A New Variable Frequency Control of Forty-nine Level Cascaded Packed U-cell Voltage Source Inverter

ABSTRACT:

 Requirement of large number of levels with lower number of switching devices has made asymmetrical converters more popular than the symmetrical ones. Asymmetrical cascaded multilevel inverters (ACMLI) can achieve high efficiency by combining switching devices with different voltage ratings and technologies. The proposed ACMLI cascades two or more units of packed U-Cell (PUC) inverters using two or more isolated DC link supplies. In this paper, one of the PUC unit is controlled using high switching frequency while the other PUCs are operated in a step mode at low switching frequencies, thus operating them in a variable frequency control mode. The cascading of two 7-level PUC inverters with DC link voltage ratios of 1:7 can produce an output voltage with 49 (7x7) levels. The multi-level output voltage waveform is nearly sinusoidal with very low THD content, and the low switching frequency operation leads to lower power dissipation and greater system efficiency. However, each PUC module requires two dc voltage sources. To address this concern, in this manuscript, each PUC module consists of one dc voltage source and one dc bus capacitor. With the cascaded PUC topology and proposed control algorithm, load current and dc bus capacitor voltage control is achieved simultaneously. The proposed converter and its control technique lead to the breaking of the design trade-off rule between switching frequency (efficiency) and filter size. This is very useful in various applications such as Uninterruptible Power Supplies (UPS), and grid-tie inverters. The converter and its control technique are simulated using MATLAB/Simulink software and simulation results for both open loop and closed loop are discussed. Hardware results are obtained by developing a 1-KW experimental prototype. Simulation and experimental results confirm the usefulness and effectiveness of the proposed topology and its control technique. 

KEYWORDS:

1.      Asymmetric cascaded multilevel inverters

2.      Total Harmonic Distortion

3.      Variable frequency control

4.      Packed U-Cell inverters

5.      Low switching frequency

SOFTWARE: MATLAB/SIMULINK

CONCLUSION:

This paper presented a cascaded Packed U-Cell inverter with forty-nine output voltage levels offering a reduced switch count solution.

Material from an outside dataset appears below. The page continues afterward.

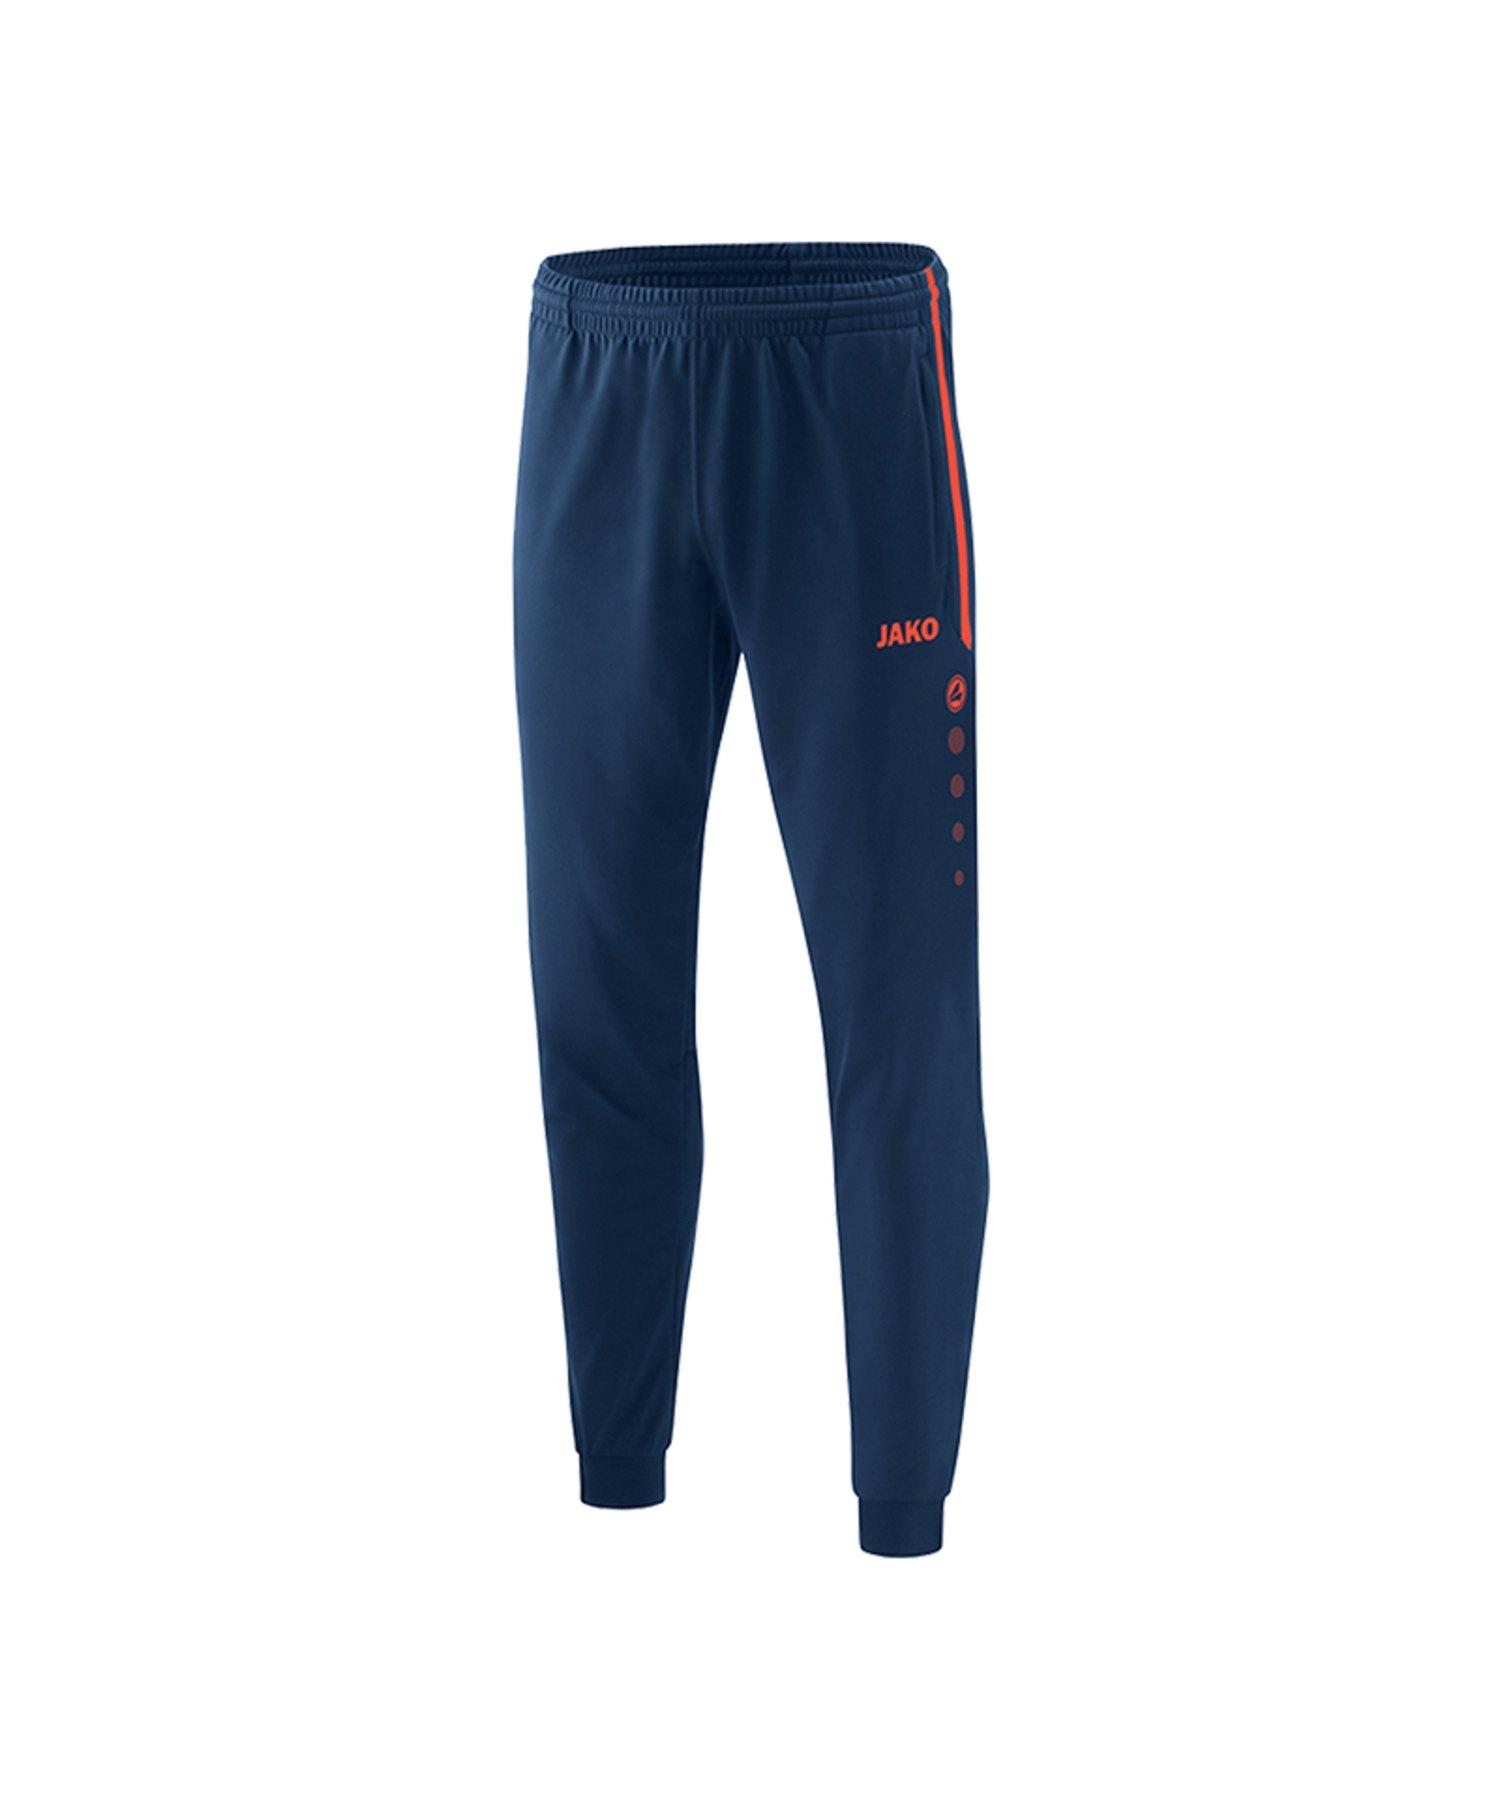 Jako Competition 2.0 Polyesterhose Blau Orange F18 - Blau

Only two auxiliary capacitors along with two isolated dc voltage sources are used to achieve forty-nine levels in the output voltage waveform. Between the two cascaded PUCs, one cell operates at high switching frequency (2 kHz) and other unit is operating at seven time the fundamental frequency (350 Hz). DC link voltage ratio of the two PUCs is kept at 1:7 to achieve the maximum forty-nine level output voltage. Detailed explanation of level formation and individual PUC output voltages are also discussed. Presented control algorithm achieves dc bus capacitor voltage and load current control simultaneously. Simulation results are discussed in detail for both open loop and closed loop performances. Accurate and robust control of dc bus capacitor control is achieved during load current variation as shown in transient response of the system. Experimental results validate voltage levels formation in individual PUC module and formation of resultant 49 – levels in output voltages. THD spectrum of load voltage and load current are also presented (in both simulation and experimental results), which verify the superior THD performance.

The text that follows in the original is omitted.